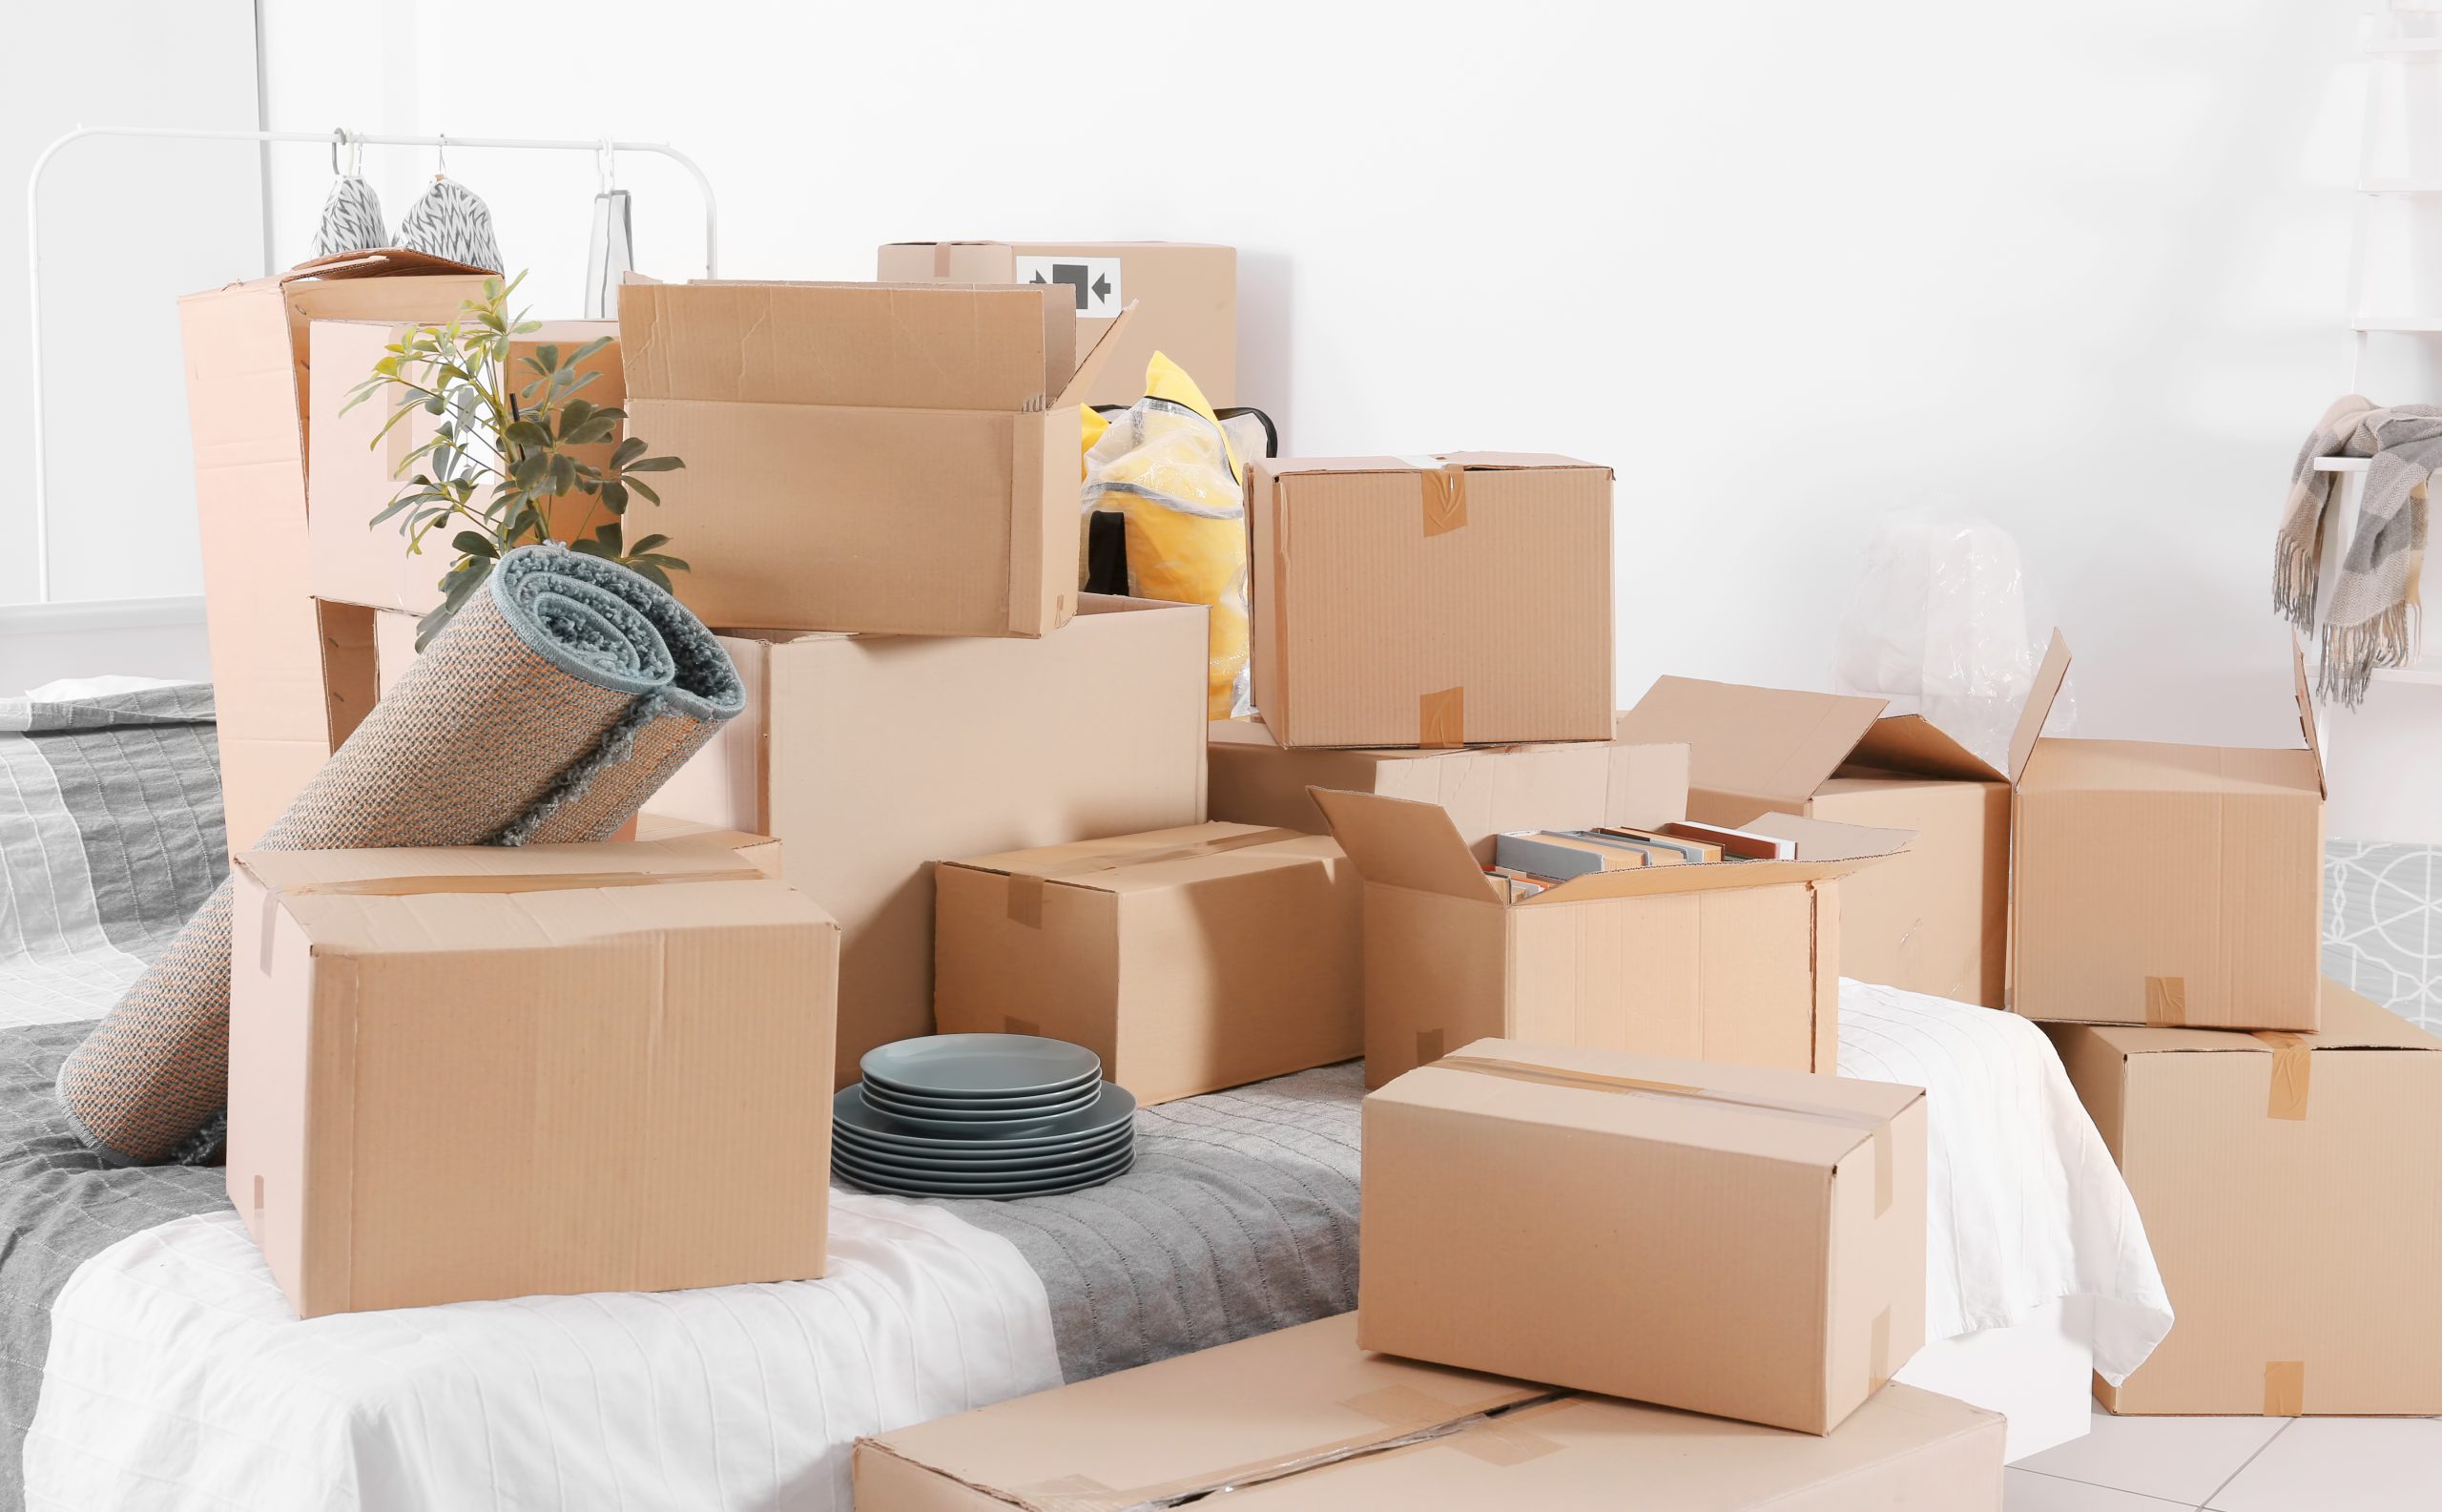 Package items. Упаковка вещей для переезда. Упаковка мебели. Коробки для упаковки вещей. Упакованные вещи в коробки.
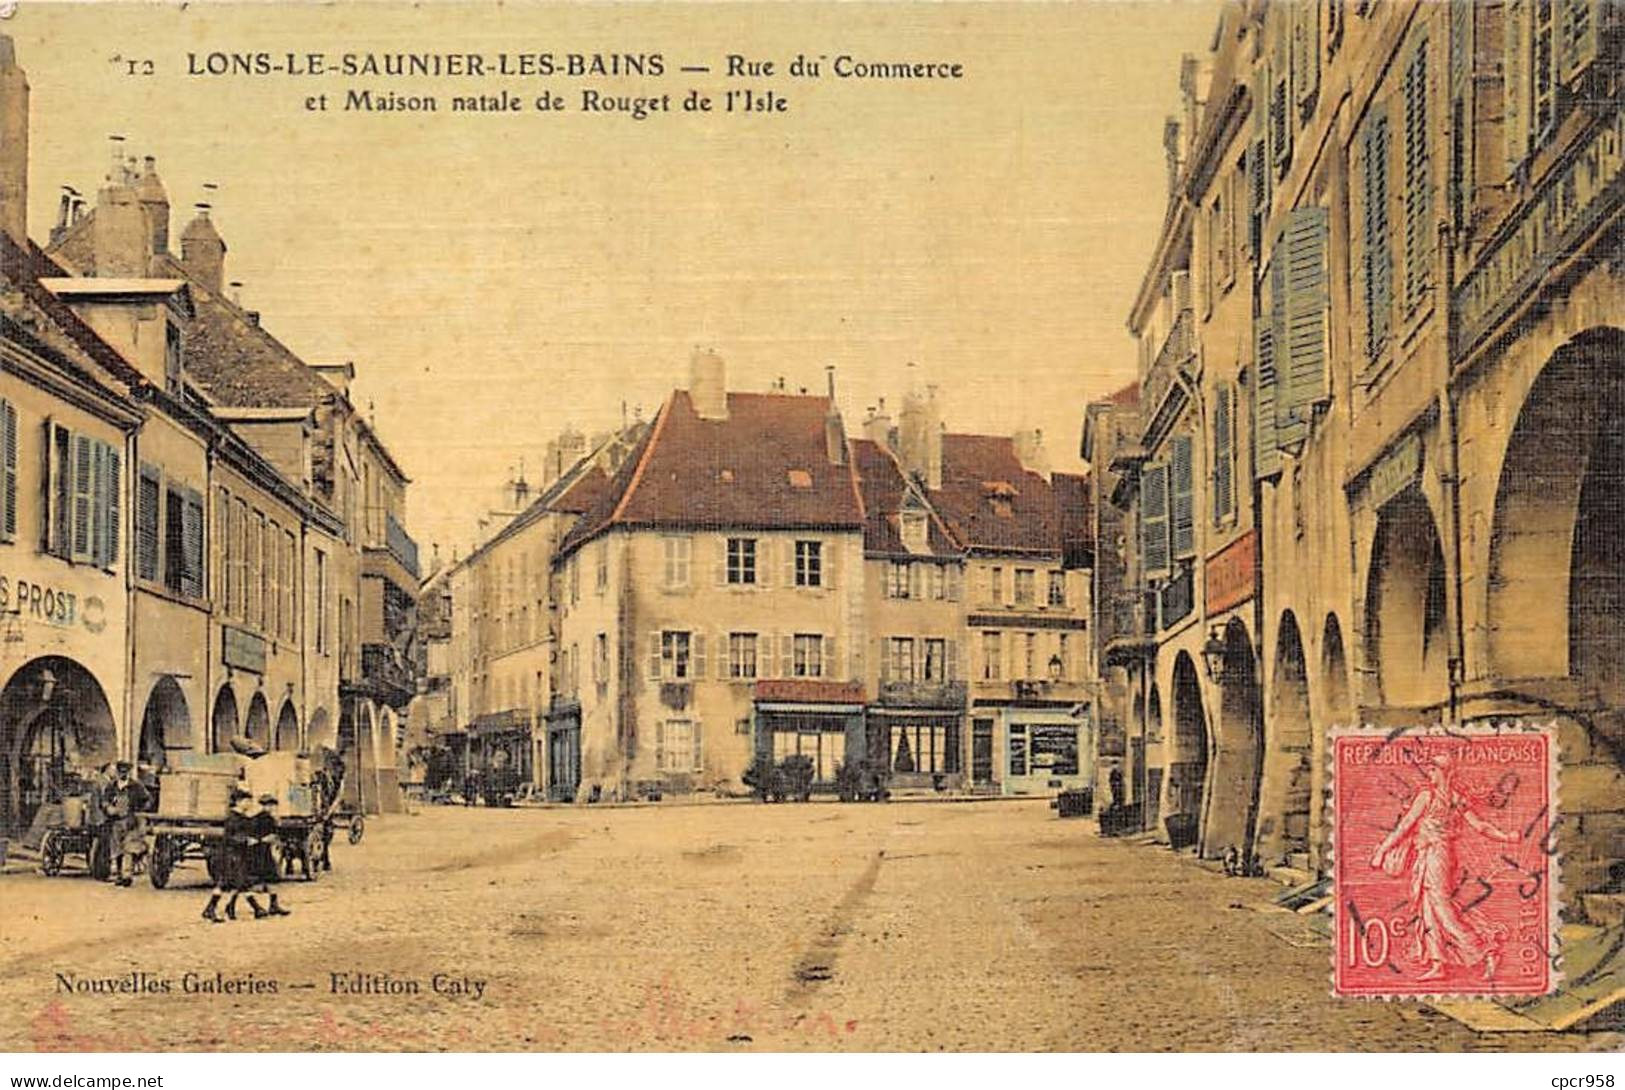 39 - LONS LE SAUNIER LES BAINS - SAN46217 - Rue Du Commerce Et Maison Natale De Rouget De L'Isle - Lons Le Saunier
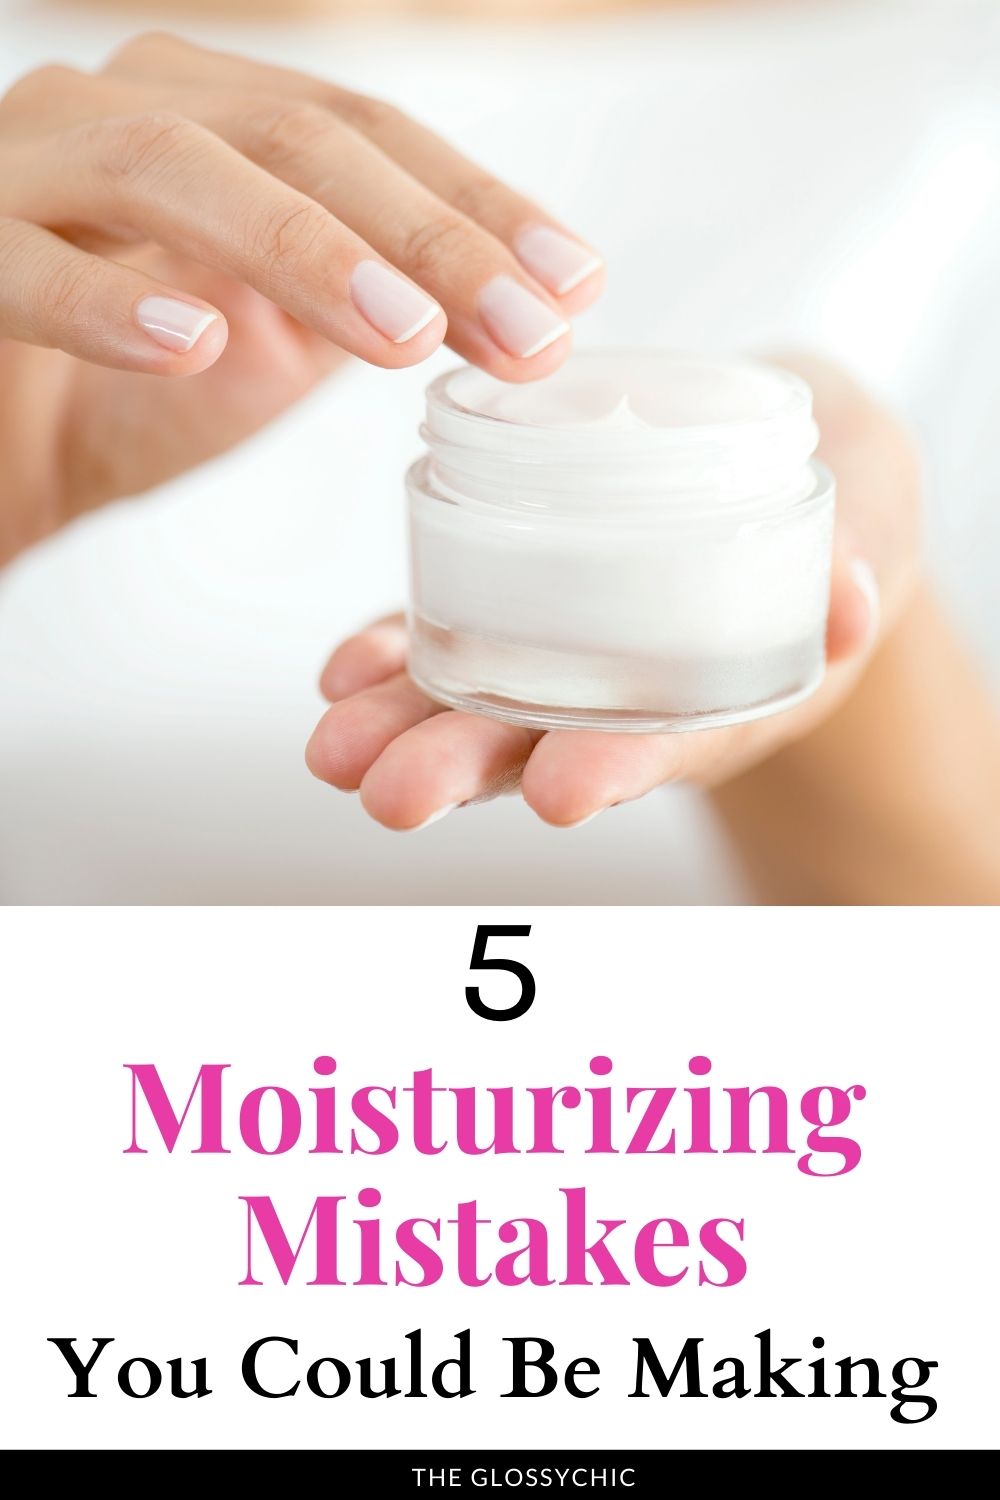 5 Common Moisturizing Mistakes To Avoid
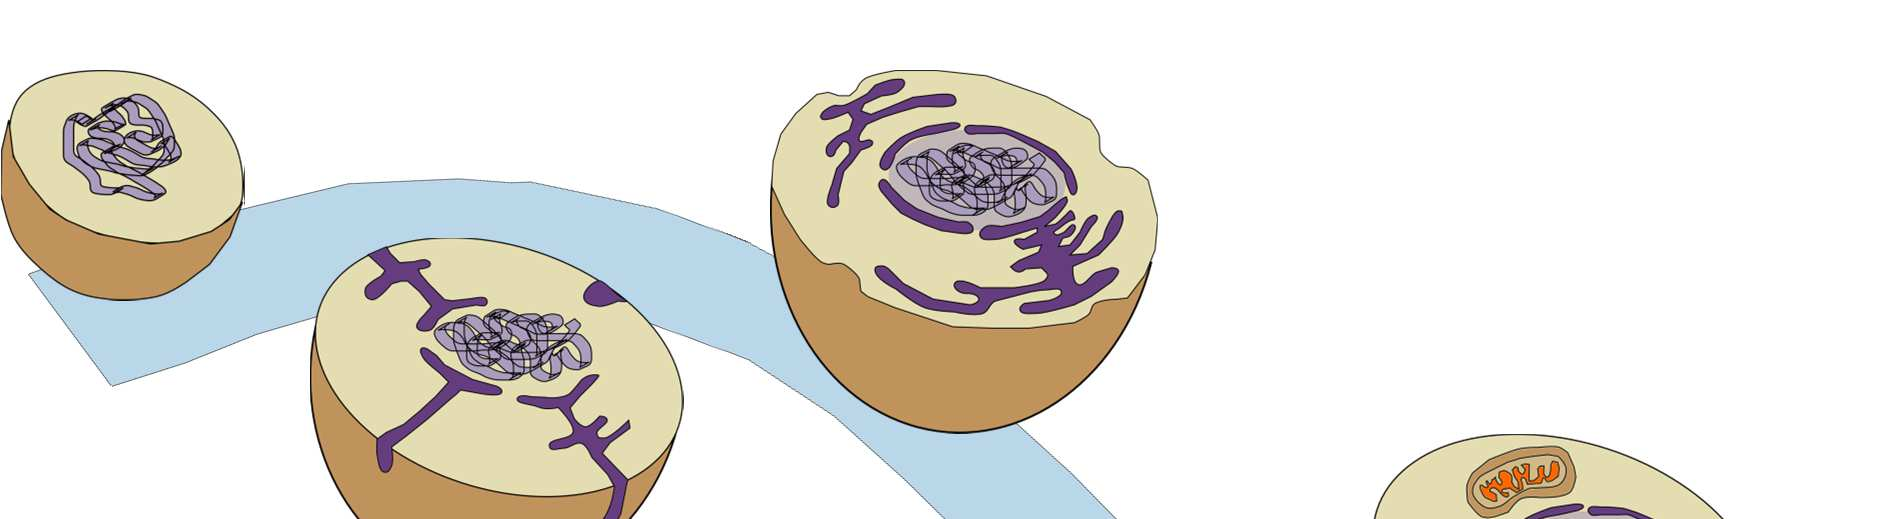 Warum haben Mitochondrien ein Genom?

::::::

Please print the data above in its entirety, exactly, but without any picture.

> **Answer section**
 Package items. Упаковка вещей для переезда. Упаковка мебели. Коробки для упаковки вещей. Упакованные вещи в коробки.
 39 - LONS LE SAUNIER LES BAINS - SAN46217 - Rue Du Commerce Et Maison Natale De Rouget De L'Isle - Lons Le Saunier
 5 Common Moisturizing Mistakes To Avoid
 Warum haben Mitochondrien ein Genom?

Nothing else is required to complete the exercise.